As I mentioned earlier, the polychromatic Strehl is not really influenced so much by the manufactured quality. In a refractive optic, it is set by the types of glass used, curves in the glass chosen by the designer, and the spacing of those curves. This is what sets the polychromatic Strehl. No amount of precision in manufacter can raise this number. It is not usually included in bench tests though because again, the interferometer test is really just looking at how well the curves were generated. It does not really know where the different focal points of the light are. Now if you tested in several colors you could derive the polychromatic Sthrehl, but why would you do that if you were really just looking to see how well the scope was made?
To the OP though, your question was excellent.
And here is the hypocrisy of the refractor forum. I have seen this many times over the last 20 years.. Someone in the refractor forum will complain that Strehl testing of reflectors does not really tell the full story, because well, you know, if you included the obstruction, the Stehl of a C8 would never be better than .8 so they say that all C8s have a Strehl of .8 at best. (And of course this is malarky because the Strehl value is as I have repeated several times, a mesurement of optical quality and optical quality alone).
These same people though simply choose to ignore that when CA and Spherochromatism, they have the exact same result as a secondary obstruction, which is that they lower contrast. As the tables I referenced above show, a 100mm f/10 achromat has about the same contrast loss as would be experiences with a 100mm reflector with a 30% obstruction.
People can demonize the contrast loss of a secondary obstruction but give a total head in the sand pass on contrast loss caused by CA and spherochromatism, which can both be quite bad in large, fast achomats. By comparison, the contrast loss of a secondary in a marvelous scope like the Intes Micro MN66 is almost nothing, being less than some of the fast ED doublets out there.

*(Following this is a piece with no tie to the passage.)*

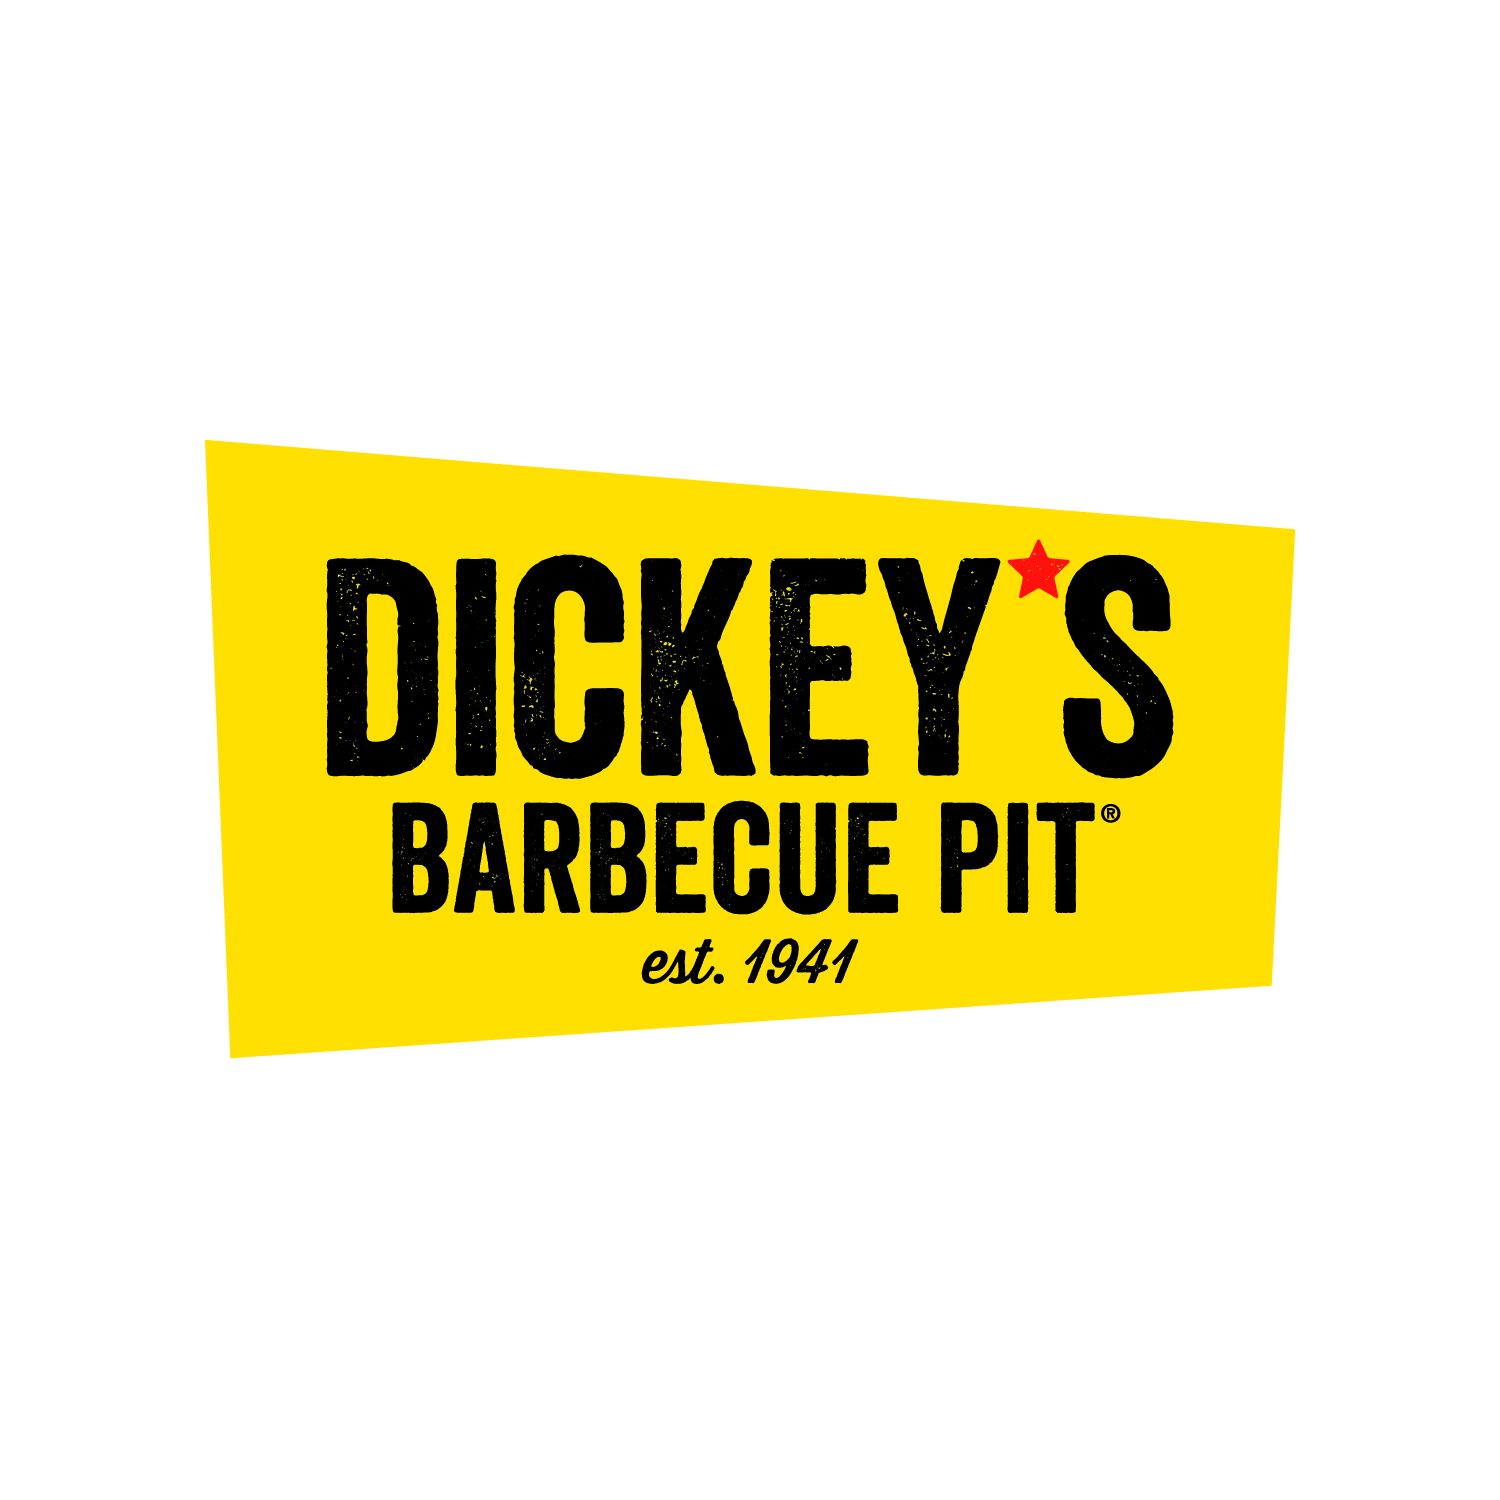 Dickey’s Barbecue Pi
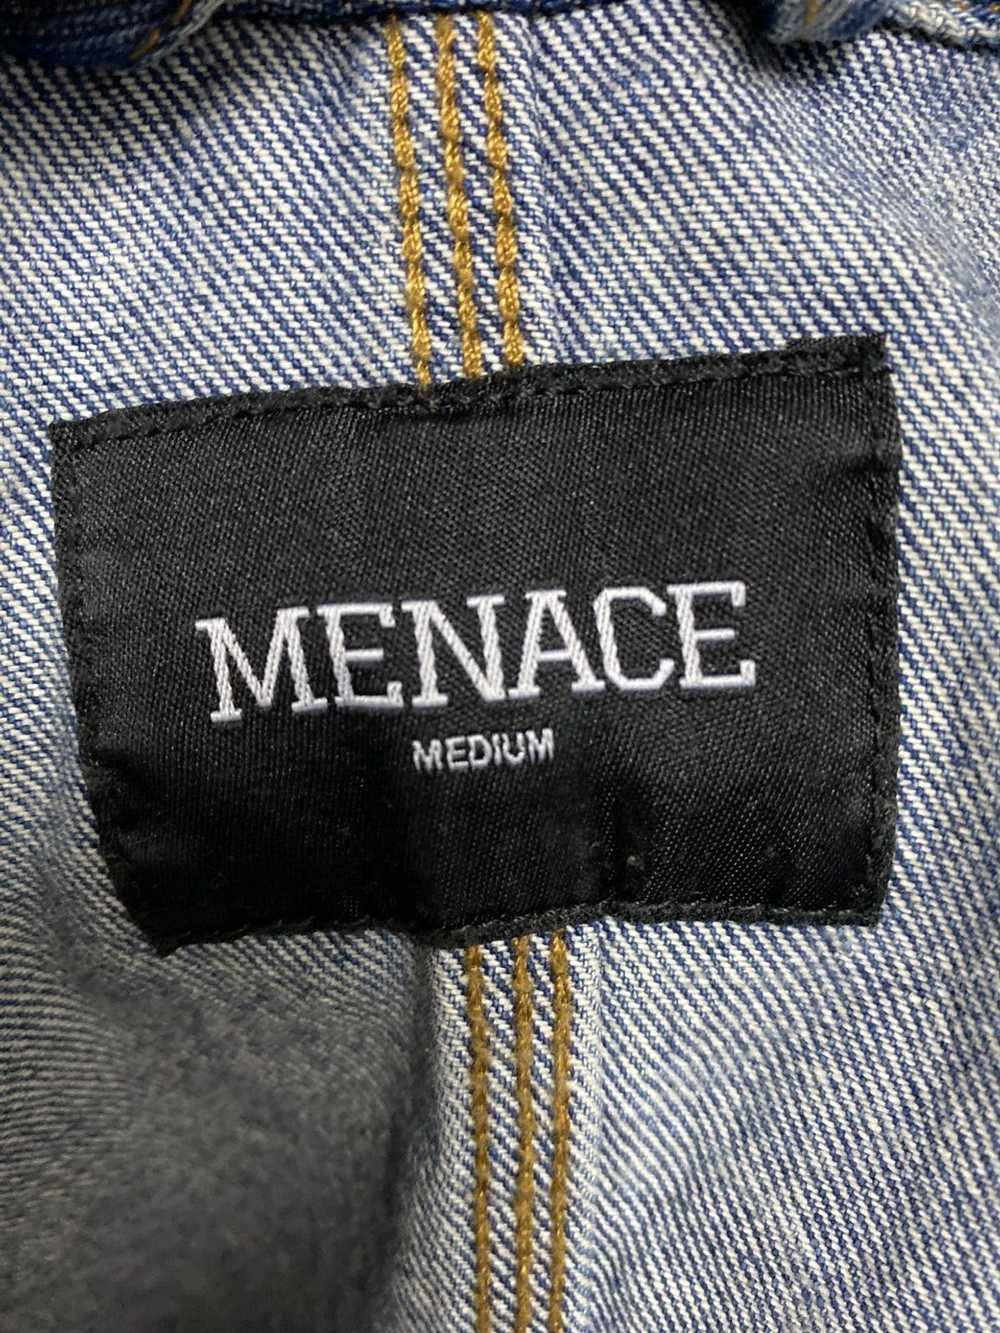 Menace Menace Los Angeles, Paisley Denim jacket - image 4

Anyone that is a refractor lover and that thinks that a secondary obstruction is the end of the world should beg for a peek though an MN76 if they ever get to look though one at a star party. Spectacular telescopes. Most people on CN will never own a refractor that will beat an MN76 on contrast. Heck most will never own a refractor than can beat an MN 66 on contrast. Buy comparisn to CA in many scopes, a 17% obstruction is nothing.